*Assignment:*
Starting at the line that contains "Valentine's Card Vector", write out each line through the end of the data below, exactly as it stands. Skip any pictures.

*Available data:*

== Segment start ==

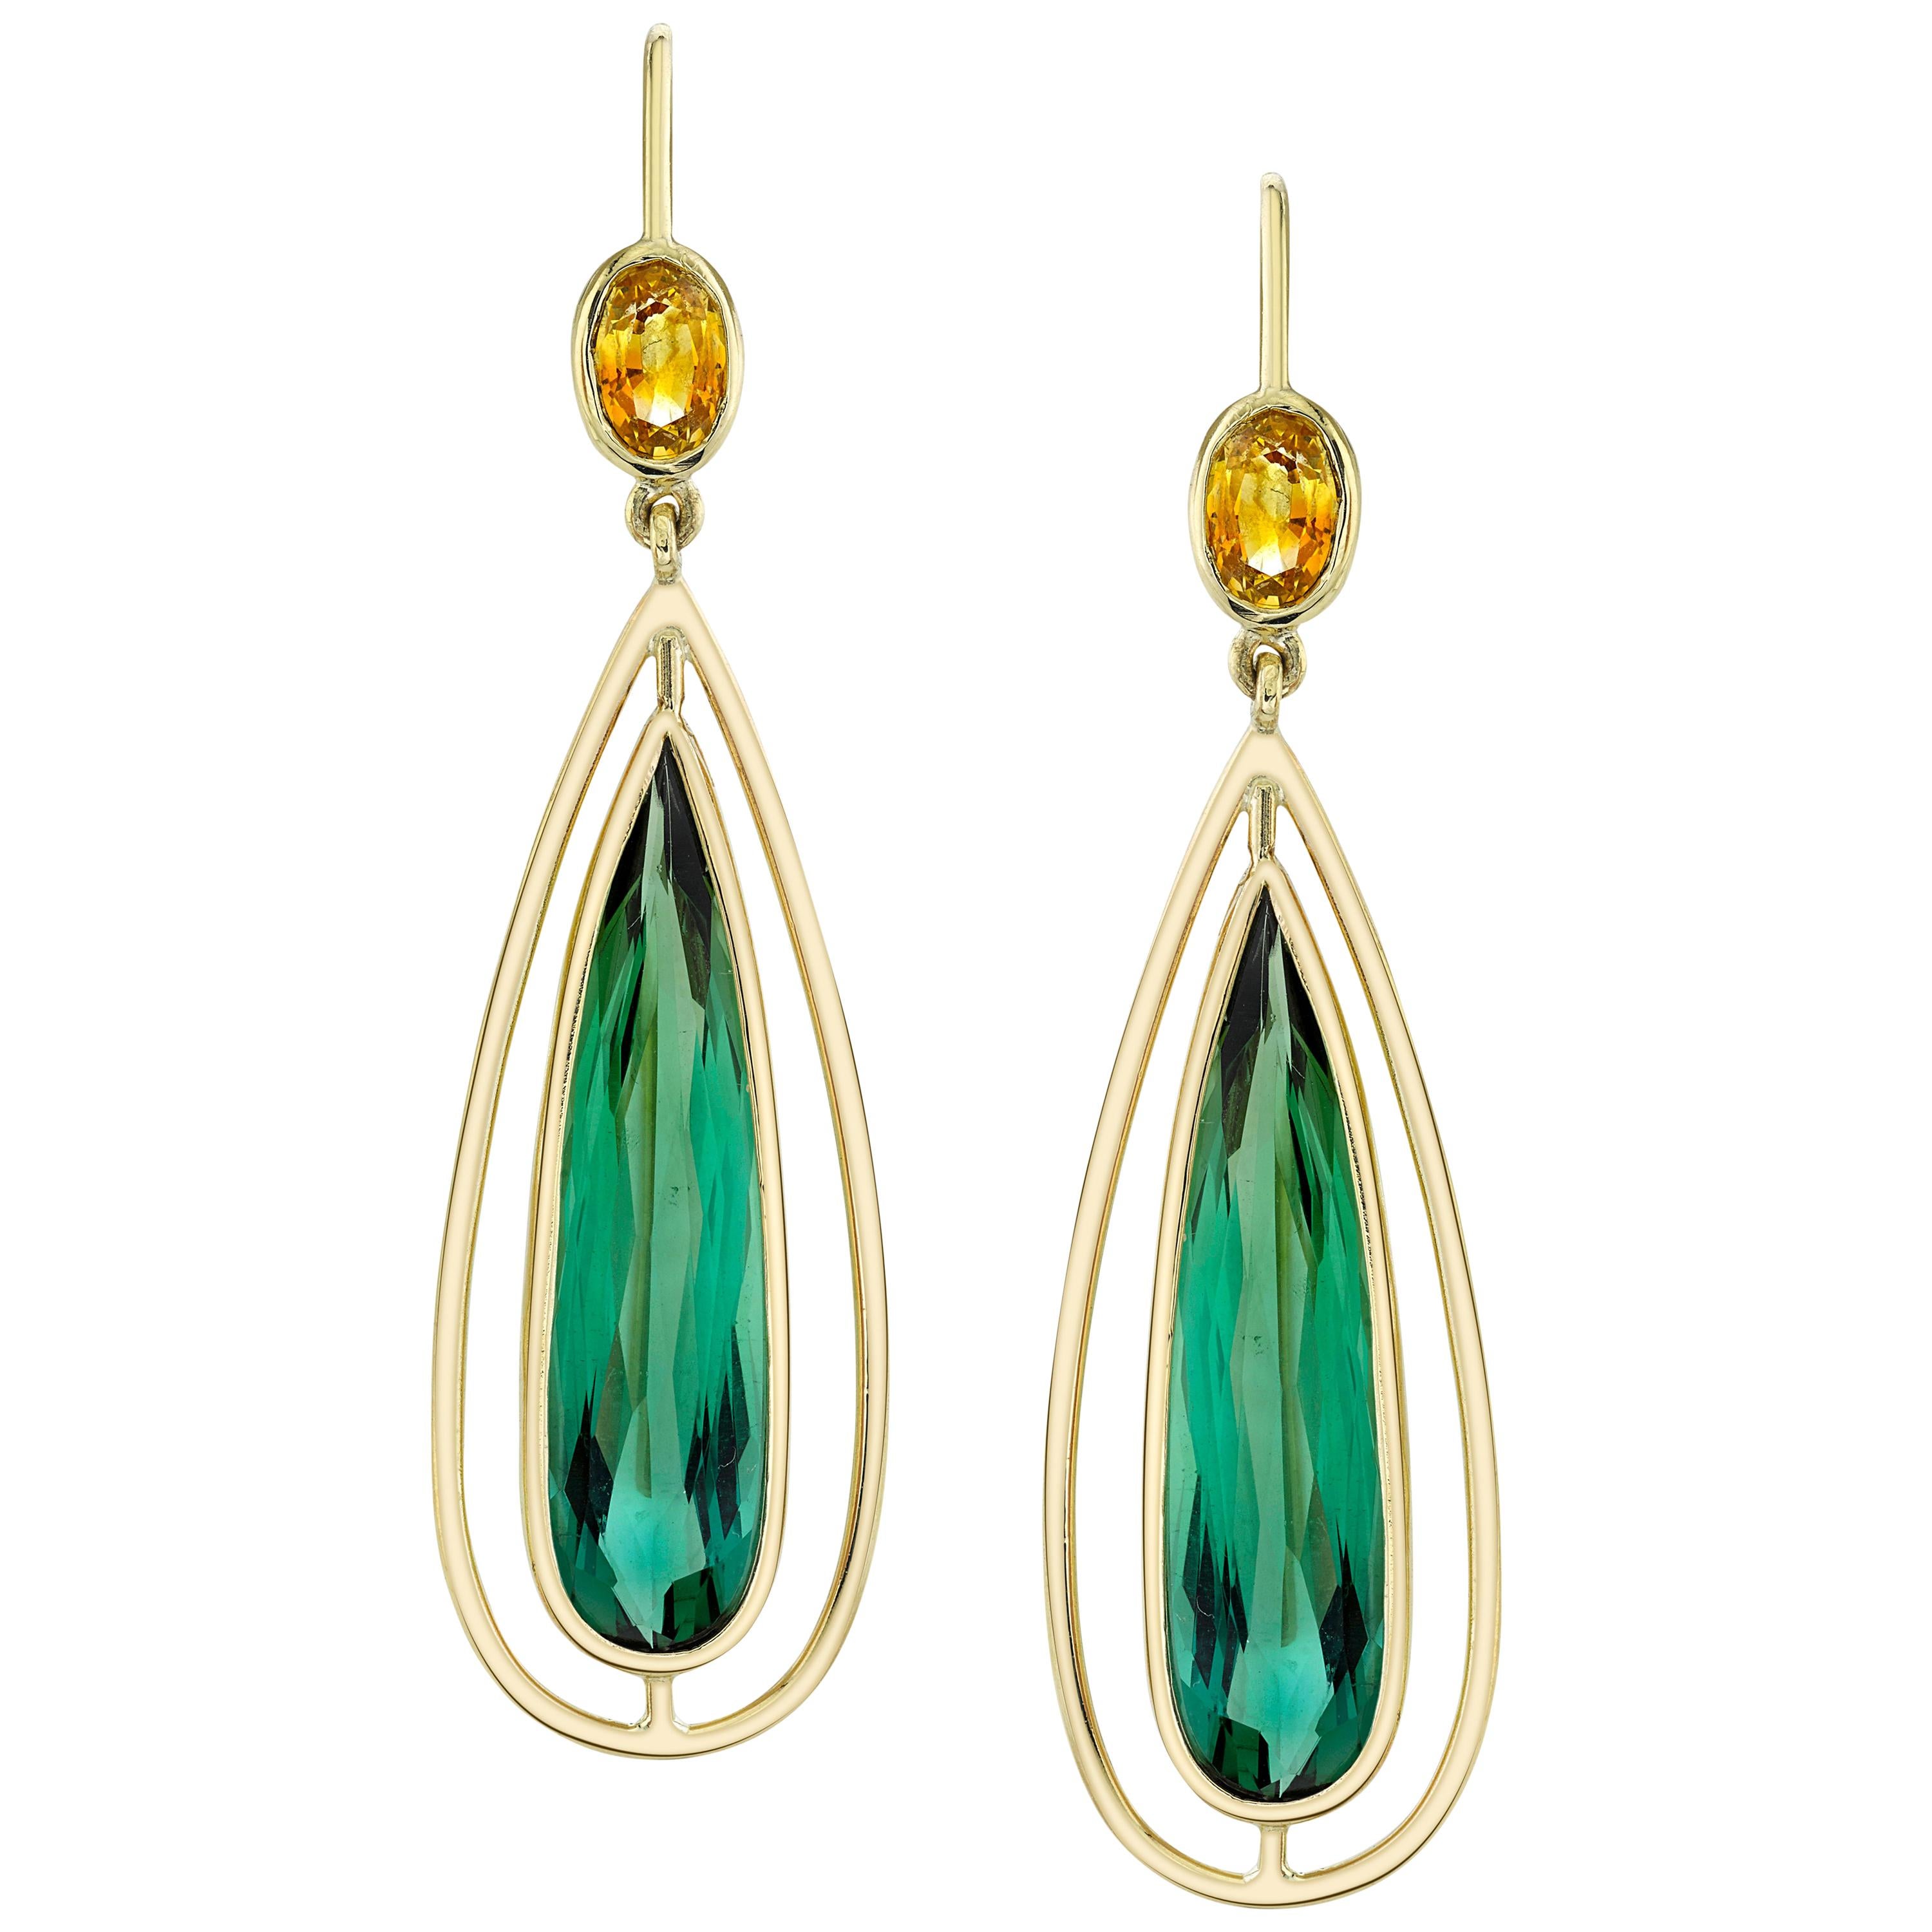  Green Tourmaline and Yellow Sapphire Dangle Earrings with Yellow Gold Halos
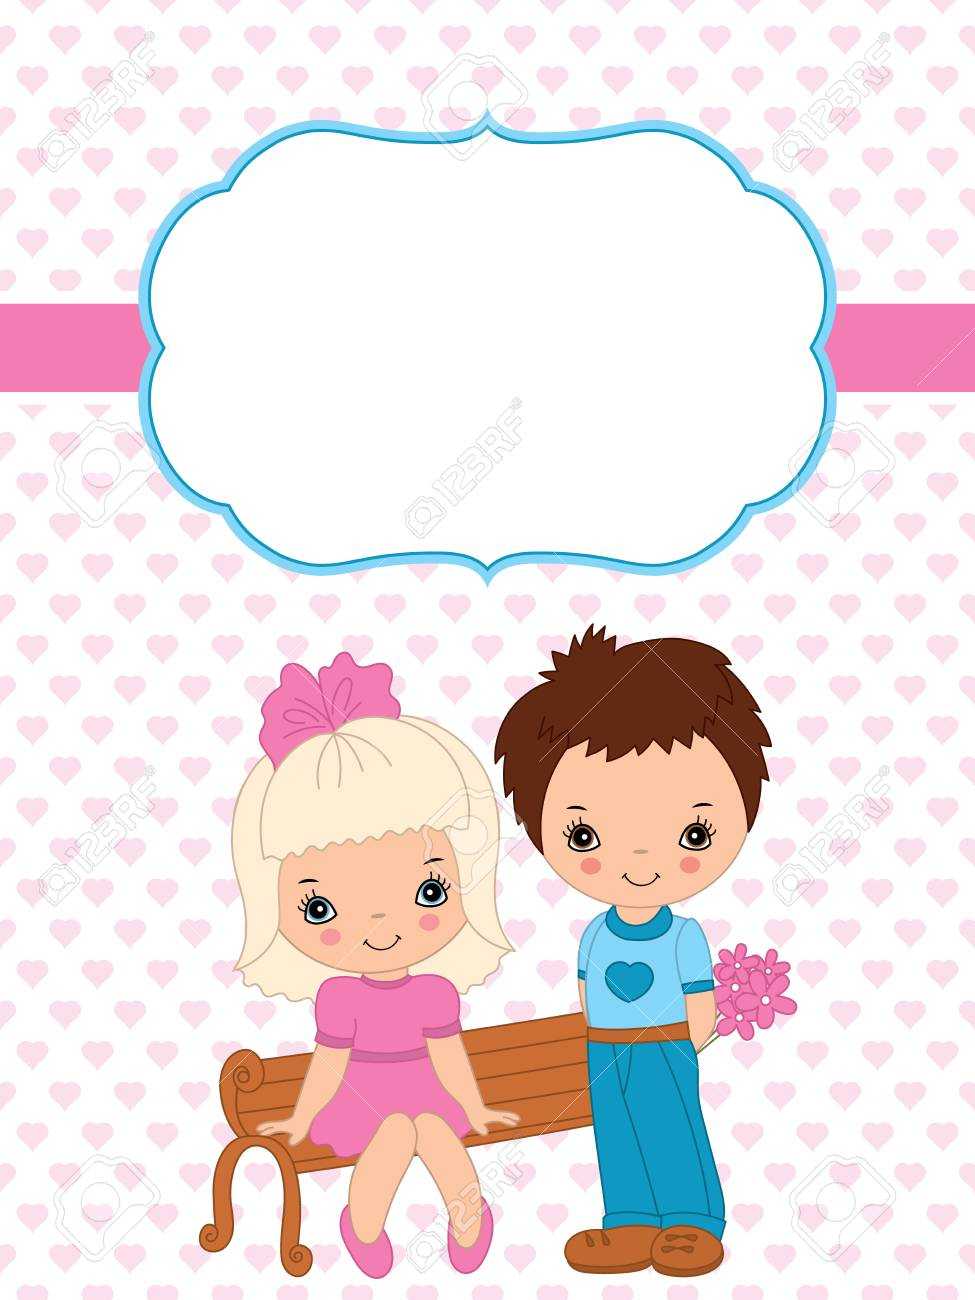 Valentine's Card Vector Template With Cute Little Kids On Hearts.. With Valentine Card Template For Kids
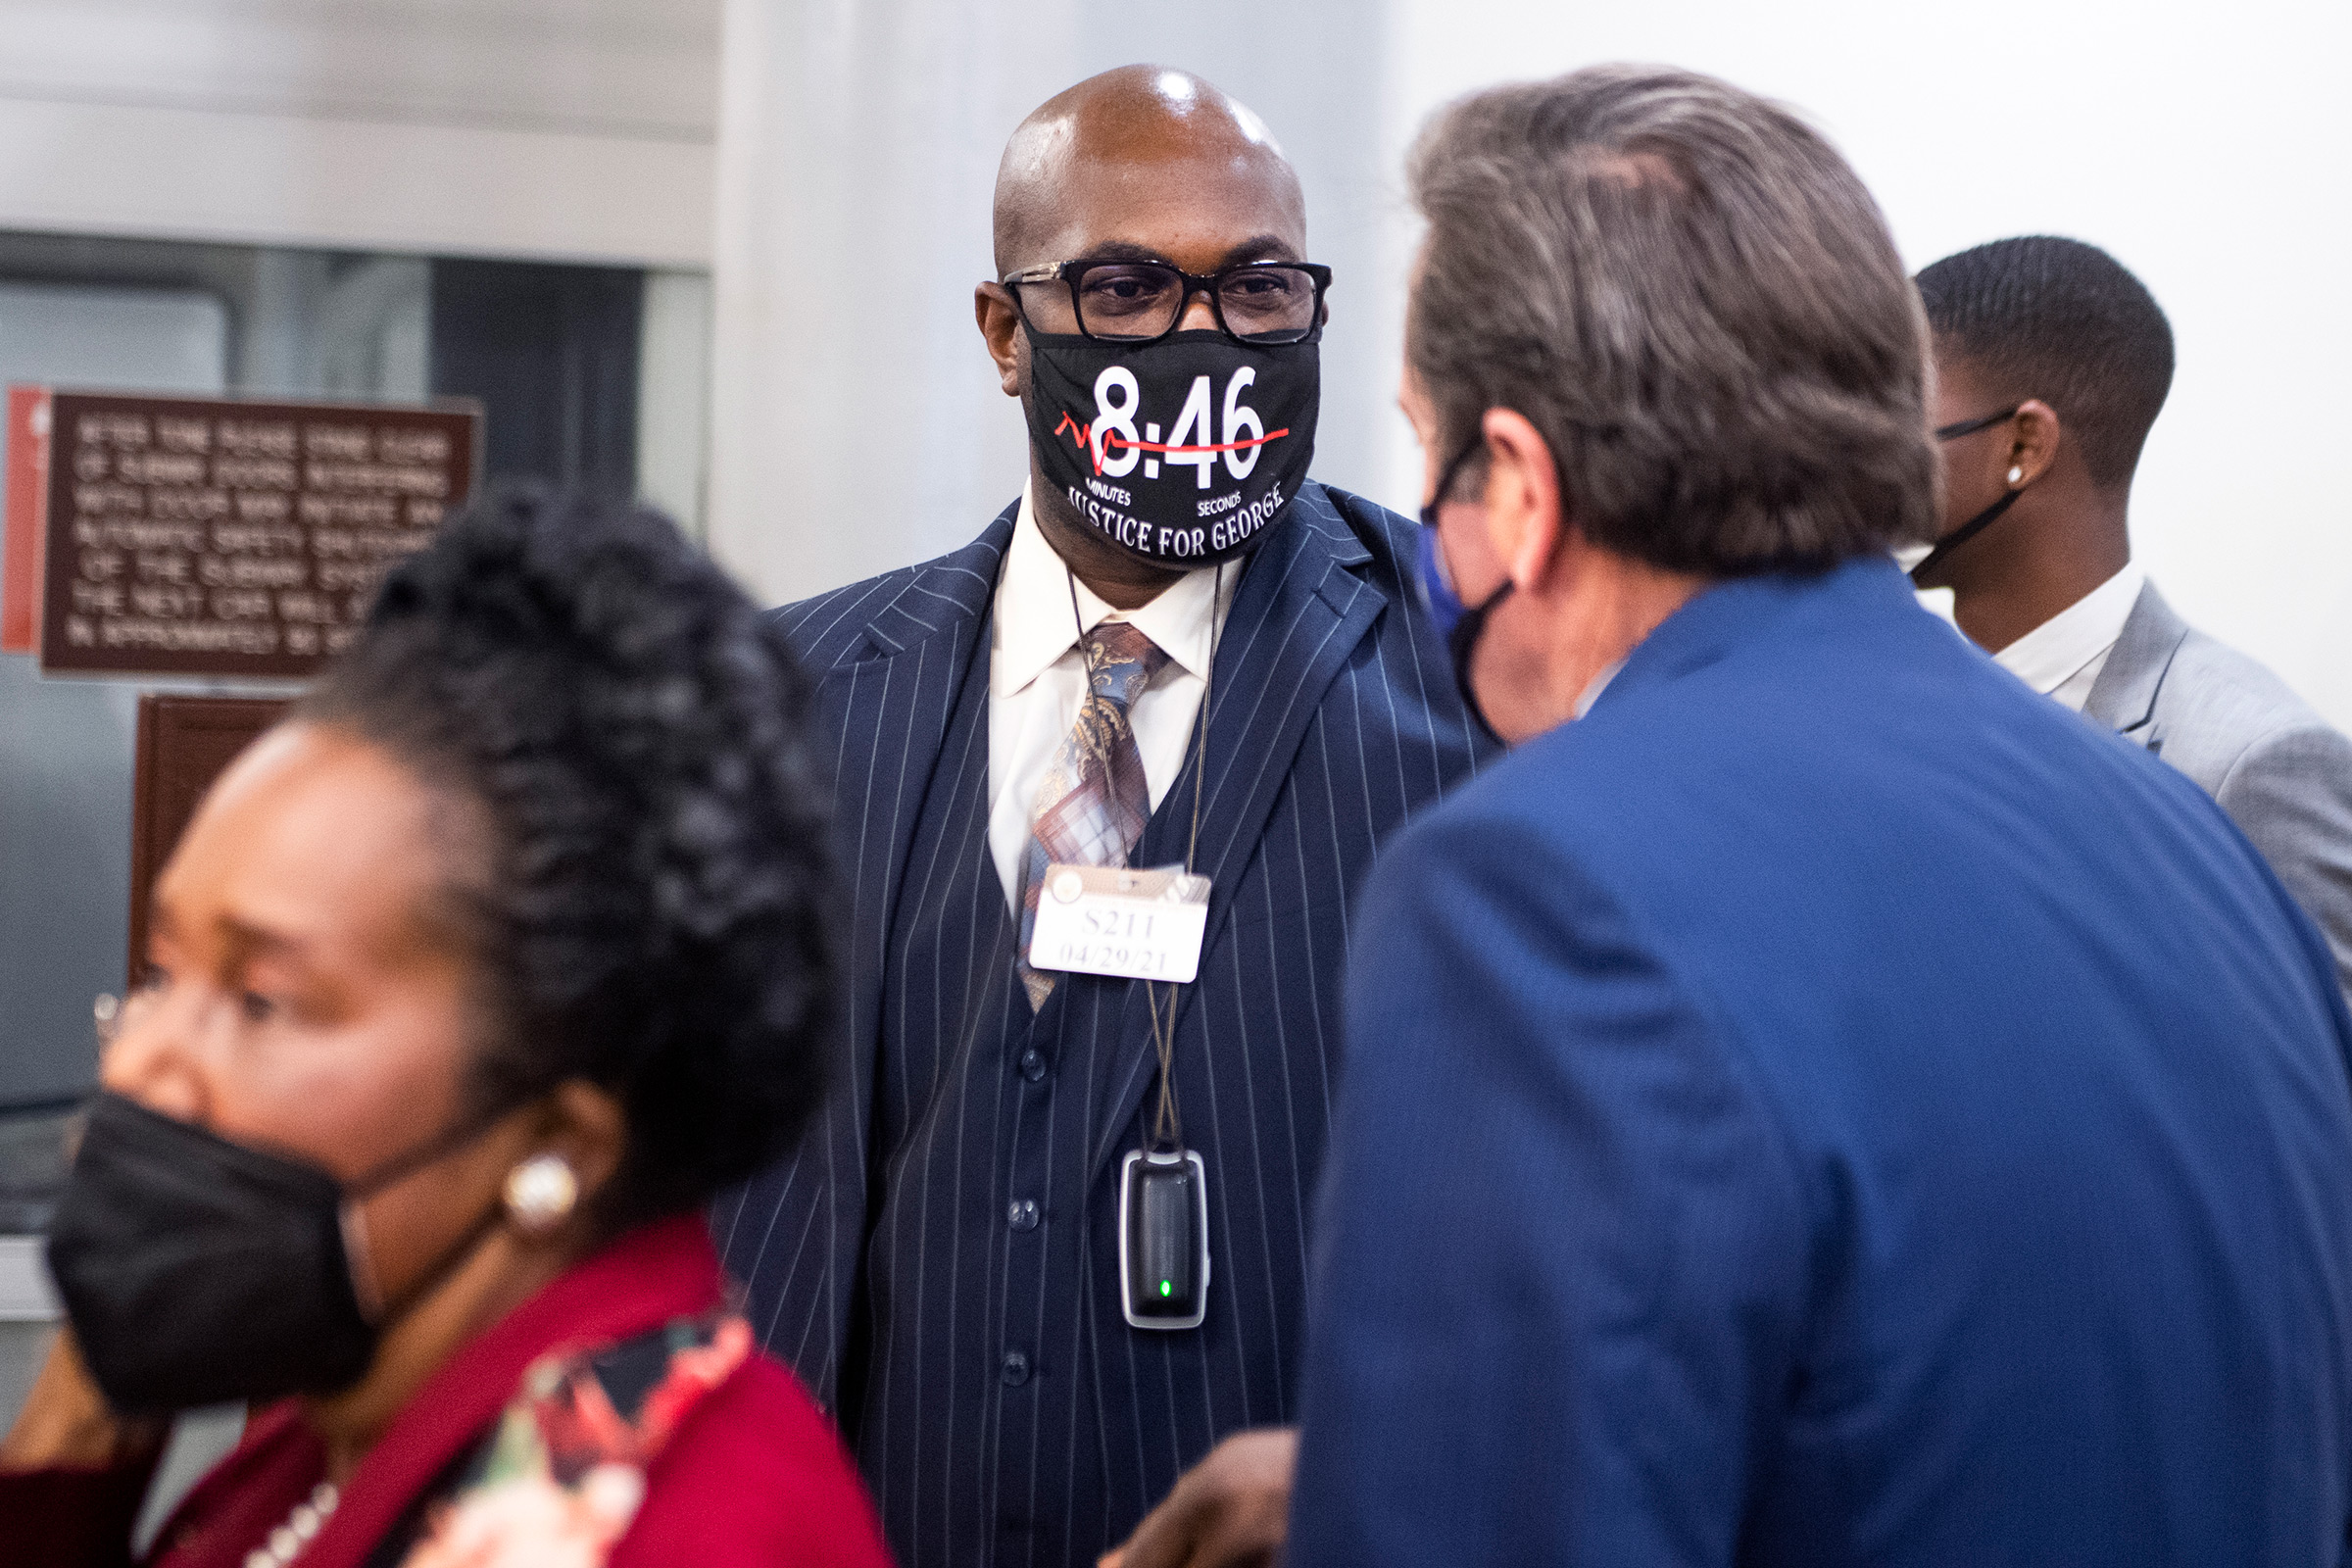 Philonise Floyd, center, the brother of George Floyd, talks with Rep. John Garamendi, D-Calif., while visiting Capitol Hill to discuss the George Floyd Justice in Policing Act, in Washington, D.C., on April 29, 2021. (Tom Williams—CQ-Roll Call, Inc./Getty Images)

== Segment end ==

*Solution for this task:*
 Valentine's Card Vector Template With Cute Little Kids On Hearts.. With Valentine Card Template For Kids
 Philonise Floyd, center, the brother of George Floyd, talks with Rep. John Garamendi, D-Calif., while visiting Capitol Hill to discuss the George Floyd Justice in Policing Act, in Washington, D.C., on April 29, 2021. (Tom Williams—CQ-Roll Call, Inc./Getty Images)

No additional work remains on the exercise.